I need someone to call 'cut.' That line was delivered all wrong. I can't grasp it because he isn't saying it right. He should say it slowly, draw out the words. Give them some feeling, a sound more guttural. Add a facial expression, something. Anything to give indication that you, dumb-shit doctor, understand what you've so ineffectively glossed over.

Start with a solid kick to the gut, make sure there's no air left in my lungs before you make your pronouncement. "I'll just be ripping you in half now. Cheers." Or, "I'm going to drive metal spikes into your ears, alright?" Grin.

"Is anyone hearing this?" I look around the small room that's more like an office, but absent of desk and computer. There are soft chairs along every wall and a small table in the centre, a water cooler and boxes of tissues. It's a Bad News room.

Noah's sitting on a short bench, holding his head in his hands. Lily's face is tucked into Caleb's neck as they cling to one another. Marcus's eyes are red. His hand's set on my shoulder and his lips are moving, but I don't think he's saying anything.

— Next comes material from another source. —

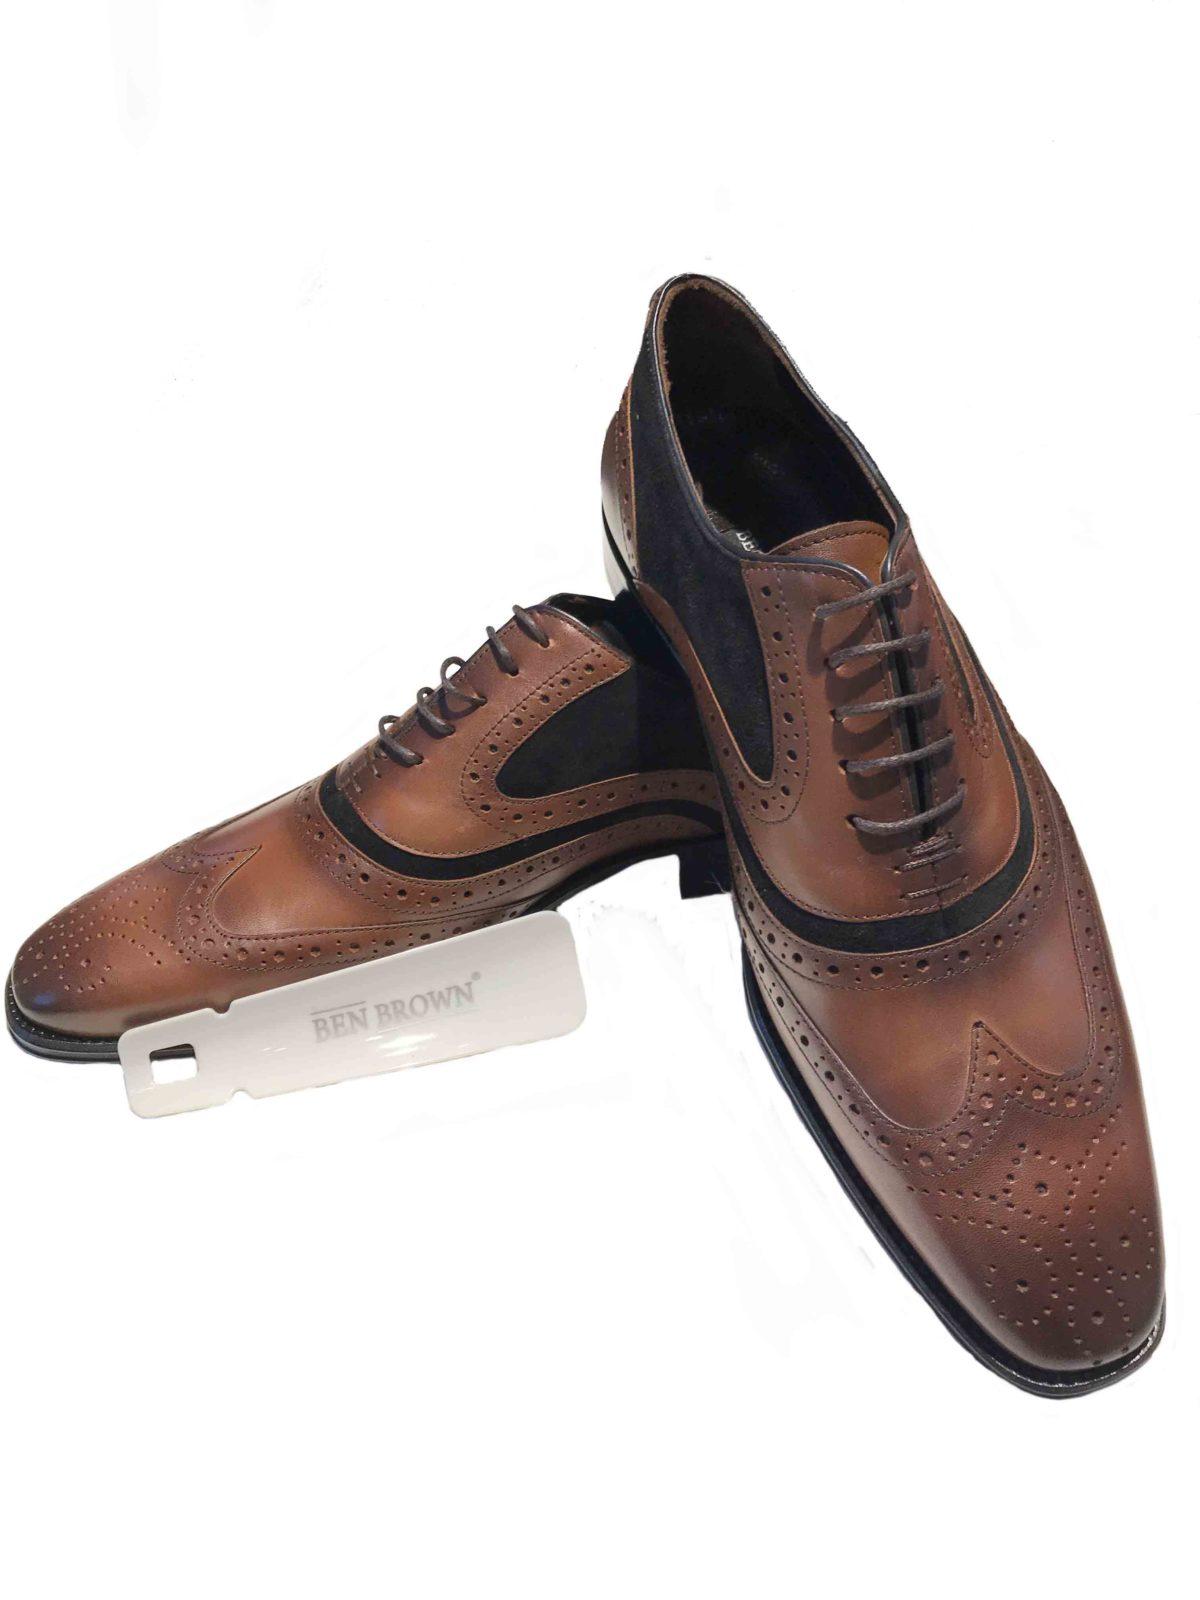 Ben Brown |BB 1168-9 Brown & black shoe

"Noah." He doesn't answer. I sit beside him and he yanks me into a desperate embrace.     

 "I'm an orphan," he mumbles.

Intense, ugly words. Uttered once by me, to Marcus. "No, no. We're a family, mate. We're in this together."

"What's the cause?" Lily asks.

The doctor clears his throat. I can't take my eyes off his name tag. Brian Ying? Brian—American. Ying—Asian. What kind of name is that? He looks Mexican. How am I supposed to take him seriously?

"Coroner has to make the final determination, but it looks like a uterine tear—most common with women who've had c-sections. Mr. Matthews, has your wife ever had the procedure?"

"Once," Lily answers quietly, casting a glance at an oblivious Noah.

"This was her third?" He asks Lily directly this time.